Like other parts of our lives, there are many ways to make mistakes while using email.

Weak and Reused Passwords

While the reuse or use of weak passwords is always discouraged, these mistakes can prove particularly dangerous/problematic when it comes to email. The reason is that most online services allow you to reset your credentials (if you forgot or suspect that they are compromised) using email. A compromised email account places almost all of your online accounts at risk.

Recommendations:

  • Use a password manager to generate and store unique credentials

  • Do not reuse passwords (especially when it comes to email accounts)

  • Use passphrases for added security (length is the most crucial element of a secret’s security)

Intermingling Work and Personal activities

Using work email for personal use can compromise your privacy. Business accounts are frequently monitored (or at least subject to inspection), which means your personal affairs are no longer private.

Depending on your business and jurisdiction, using personal accounts for organizational purposes could be illegal. Usually, in litigation, relevant email is discoverable, which means that you could have lawyers crawling through your personal email. To safeguard your privacy, avoid using personal accounts and equipment for business purposes.

Think work and personal like church and state, keep them separate.

Sending Sensitive Information

Without applying additional protections, email is more like a postcard than a sealed envelope. Anyone (and anything) that your email passes through (or is stored on) has an opportunity to read the contents.

We will talk about some measures you can take to safeguard email in other modules, but understand that many of these measures are not commonly utilized or require both parties to support them. You should not send information such as government identification numbers, payment card data, personal financial or credit data via email. There may also be other types of data that are too sensitive to send over email. When in doubt, assume that email is insufficiently secure to send sensitive data.

Unintended Recipients

Even though email is not secure enough to send sensitive data, you will frequently conduct such sensitive communications via email. Due to human error and autocompletion of email addresses, it is too easy to send an email to someone you didn’t intend to.

You should double-check the recipients before sending an email message (primarily if the content is for specific audiences).
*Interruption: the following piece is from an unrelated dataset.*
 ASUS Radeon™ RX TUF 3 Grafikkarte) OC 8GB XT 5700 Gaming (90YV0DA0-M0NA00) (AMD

Clicking on links is a pattern of behavior we bring with us from browsing the web. The problem is that what you see in the email application may vary from where the link takes you. An intelligent attacker could cause some significant harm from you clicking on a link they’ve crafted.

We recommend going to the website/service independently of the link. Even if it looks like it is coming from a legitimate account, it could be someone spoofing the origin email address or the sender has a compromised account.

General Guidance

Pause and think before you act.

Nothing is so important or urgent that you can’t reach out to the sender via another communications channel to verify a request made via email.

Double-check the receivers and content before sending a message.